Building a memory-backed agent

This guide shows the canonical way to wire Engrava into an agent's turn loop: give a chat/agent long-term memory that persists across sessions and surfaces relevant context on every turn. It's the end-to-end pattern behind Engrava's one-line pitch — "the memory database for AI agents."

A complete, runnable version of everything here ships as examples/agent_loop.py — no LLM or embedding API required (it uses a canned responder and a deterministic embedder). This page walks through the shape of that loop.

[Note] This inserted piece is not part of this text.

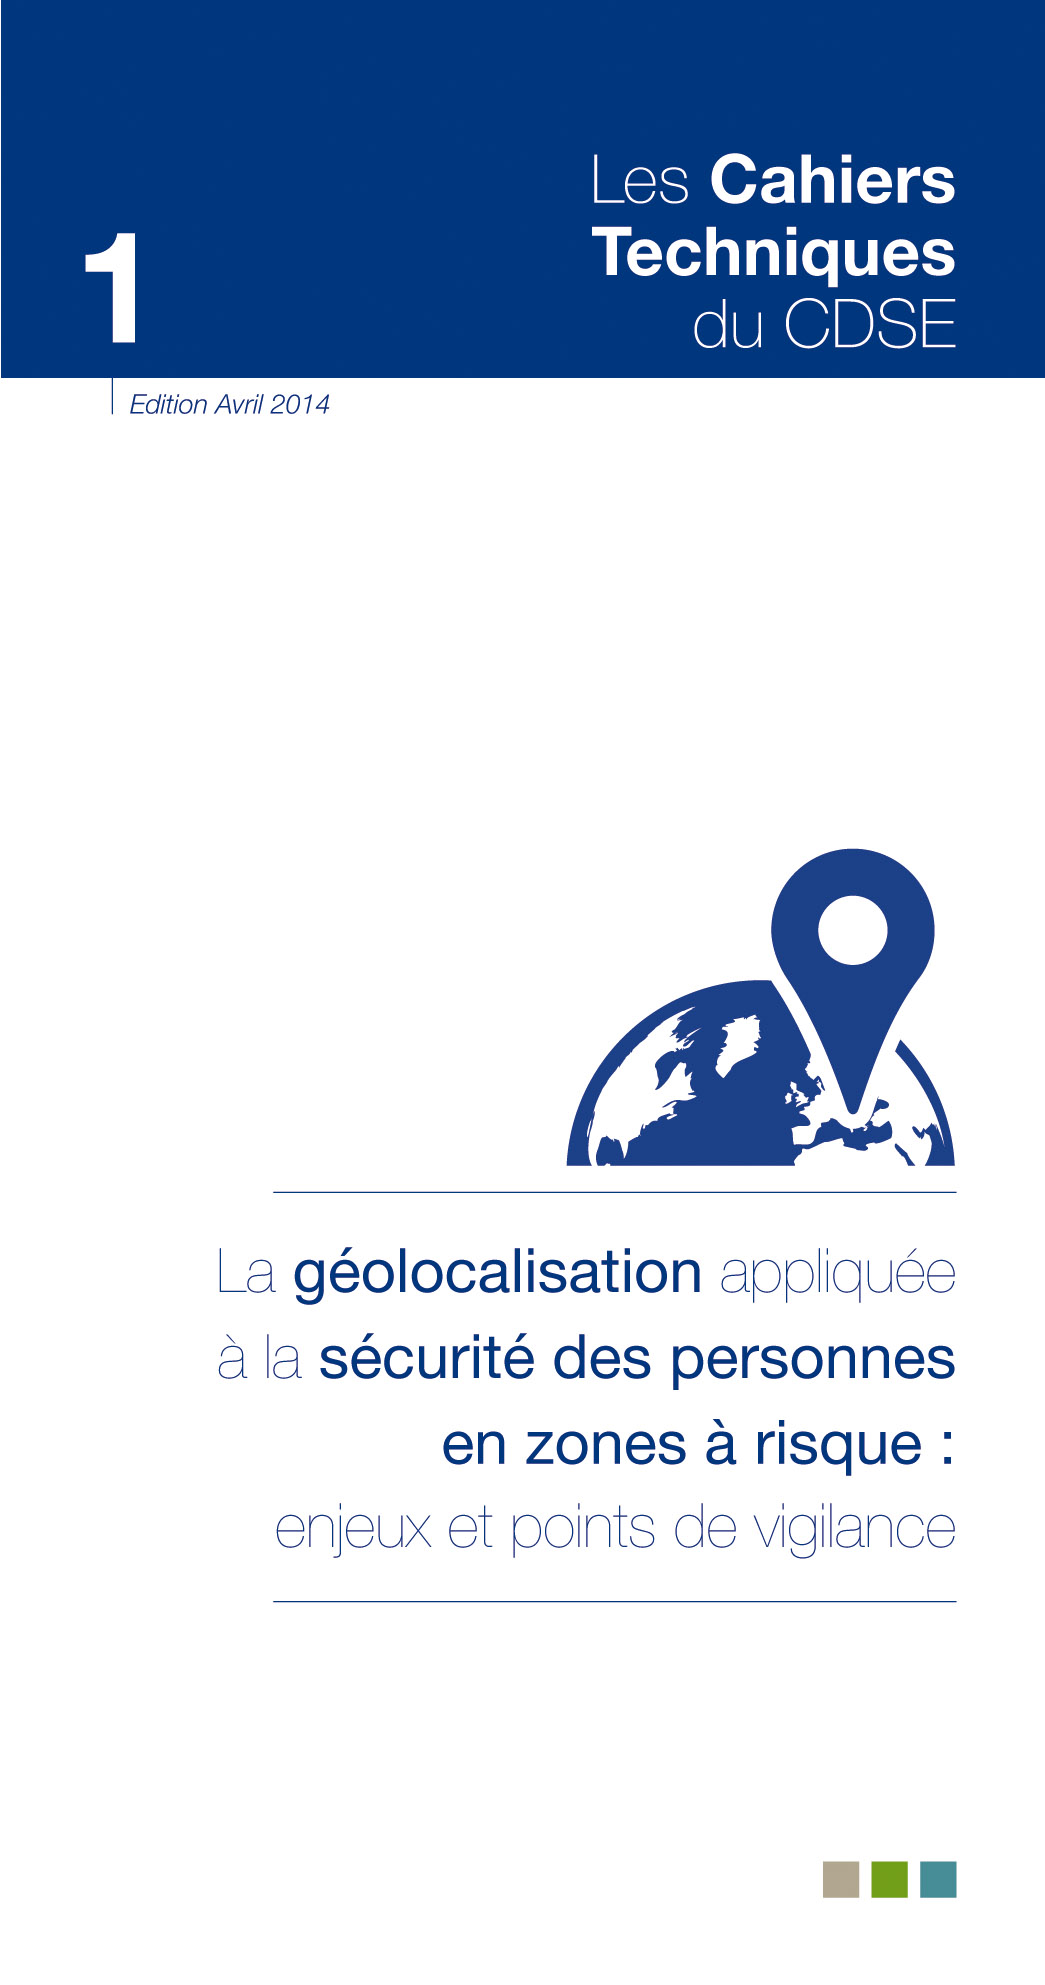 La géolocalisation appliquée à la sécurité des personnes en zones à risque : enjeux et points de vigilance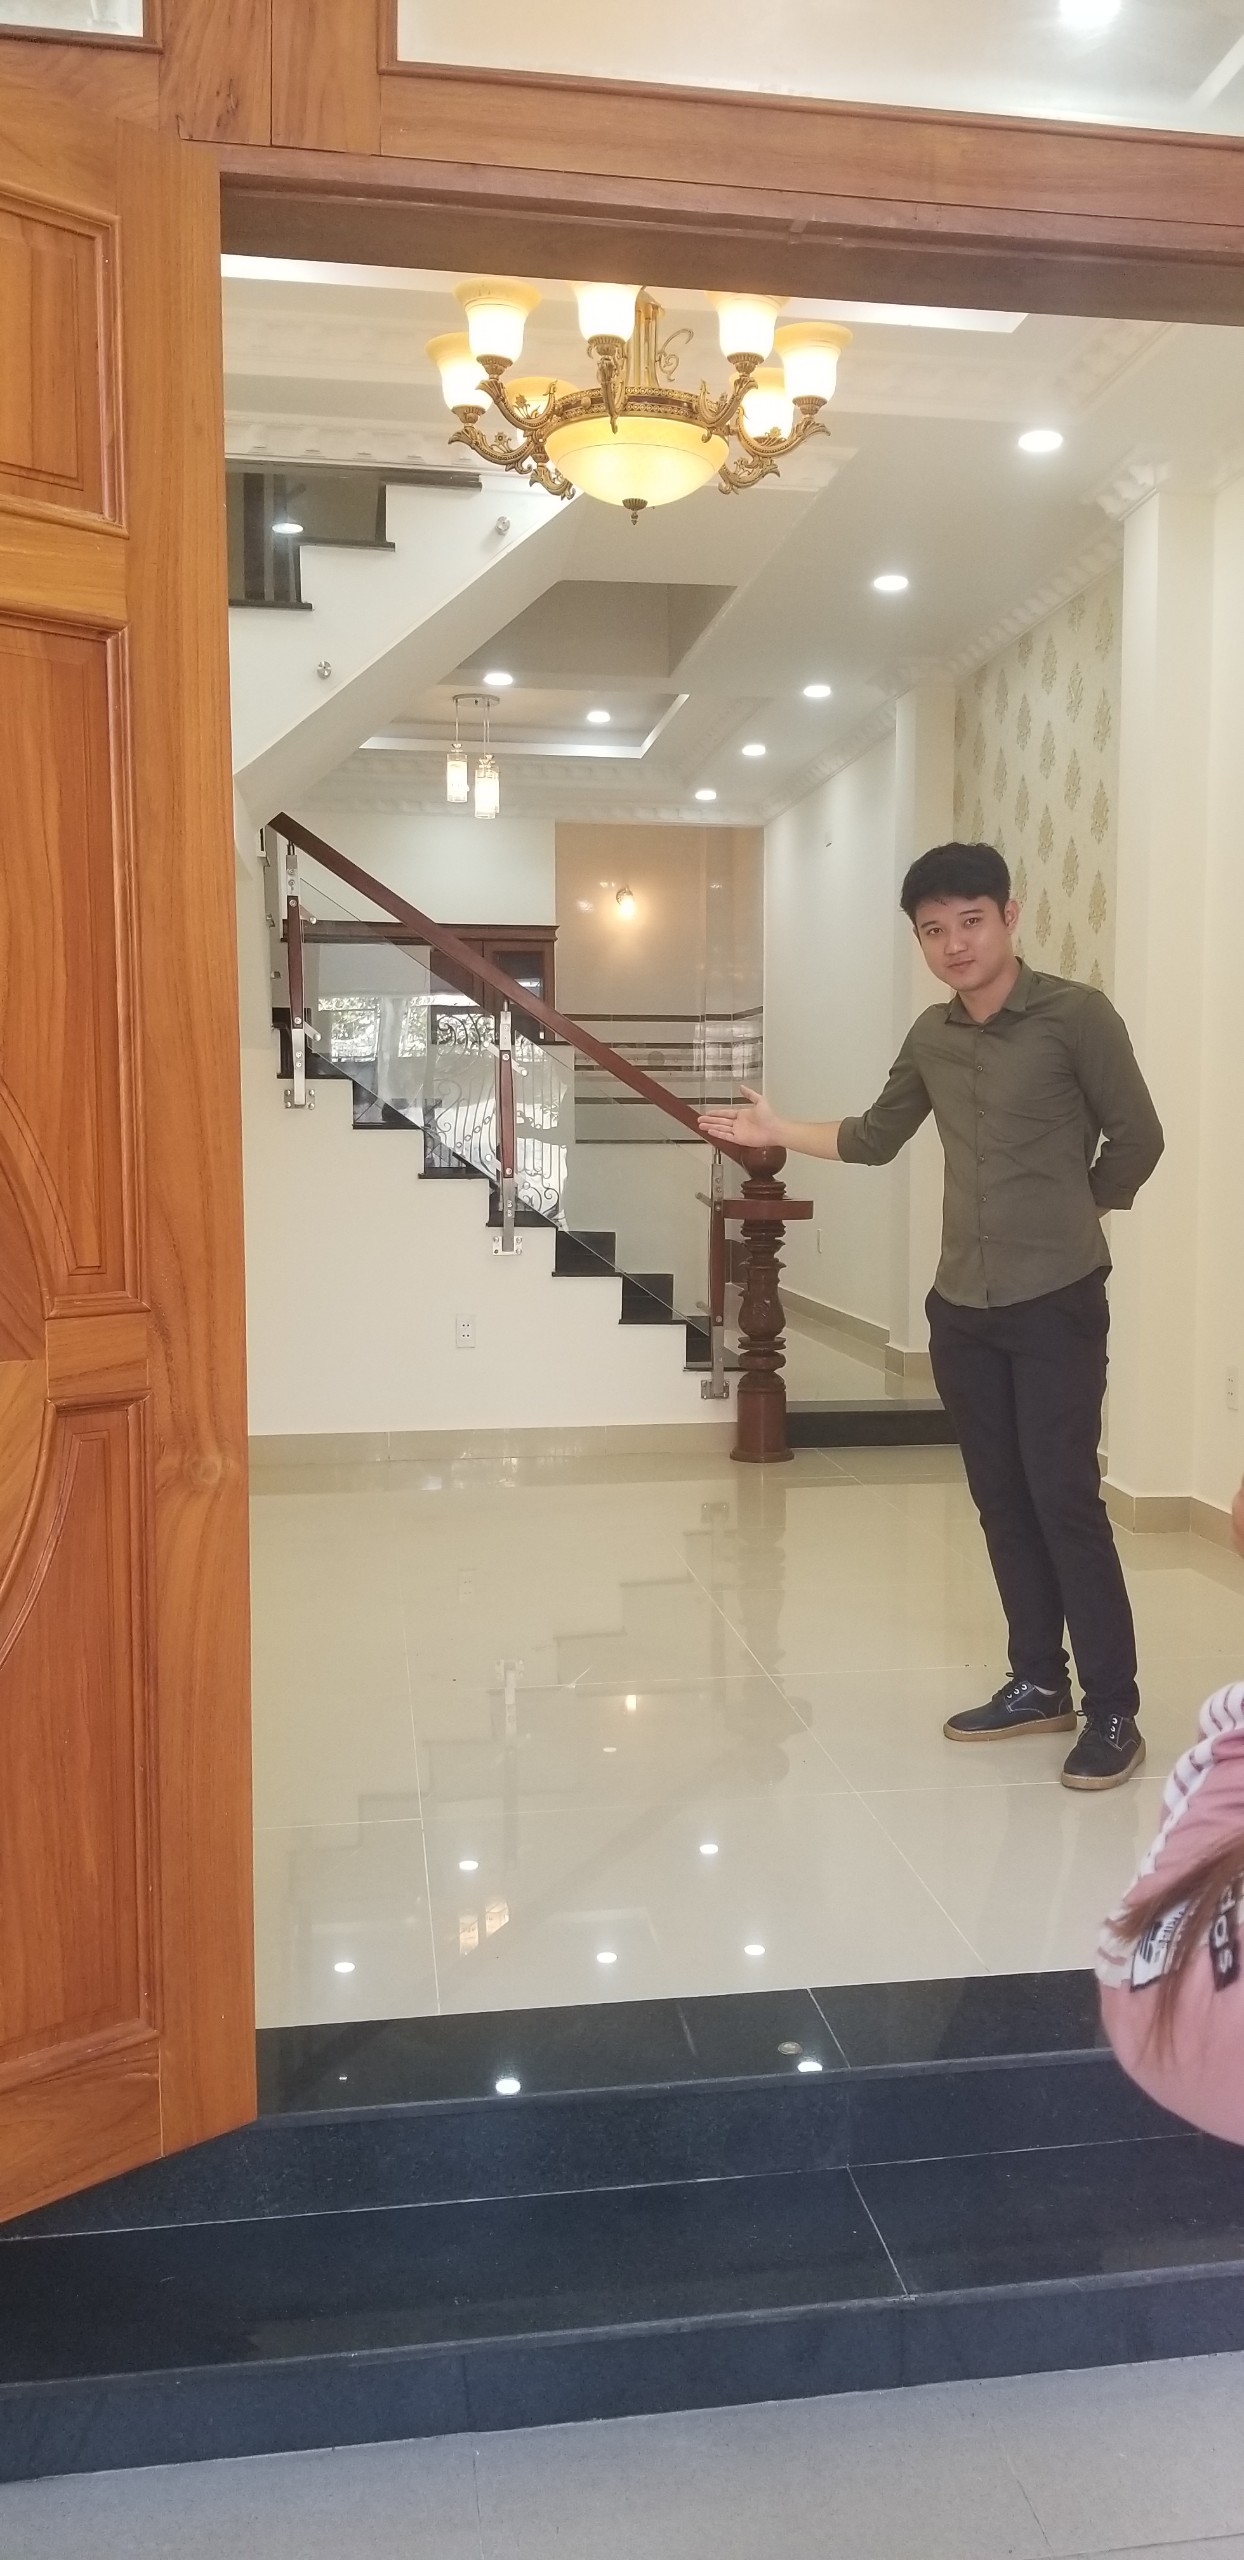 Bán gấp nhà đẹp giá rẻ đường số 9 phường Linh Chiểu trung tâm quận Thủ Đức giá 5ty5

New to the model (thought, edge, reflection, cycle)? Read Core Concepts first — this guide assumes those terms.

The loop, in one picture

Per user turn:

user message
   │
   ▼
1. store it as a percept  ──────────────►  create_thought(OBSERVATION)
2. retrieve relevant memory  ───────────►  search_hybrid(query, current_cycle)
3. build prompt from retrieved essences ─►  call your LLM
4. store the reply as an utterance ─────►  create_thought(OUTPUT_DRAFT)
5. record the action taken ─────────────►  create_action(ActionRecord)
6. advance the cycle counter ───────────►  cycle += 1   (you own this clock)
   │
   └─ every N turns ────────────────────►  dreaming.run_consolidation(current_cycle)

Setup

Create one store for the lifetime of the agent. Configure an embedding provider so retrieval is semantic (the example uses a deterministic stand-in; in production pass a real provider such as SentenceTransformerProvider or OpenAICompatibleProvider, configurable via engrava.yaml):

import aiosqlite
from engrava import SqliteEngravaCore, CallbackProvider

provider = CallbackProvider(
    callback=my_embed_fn,       # swap in a real provider in production
    dimension=64,
    model_name="demo",
)
conn = await aiosqlite.connect("agent-memory.db")   # a file persists across runs
conn.row_factory = aiosqlite.Row
store = SqliteEngravaCore(conn, embedding_provider=provider, auto_embed=True)
await store.ensure_schema()

auto_embed=True means thoughts are embedded on write. At search time you may pass an explicit query_vector; if you omit it, the store embeds the query text for you when an embedding provider is configured. Passing it yourself is handy when you've already computed the vector or want a different query representation.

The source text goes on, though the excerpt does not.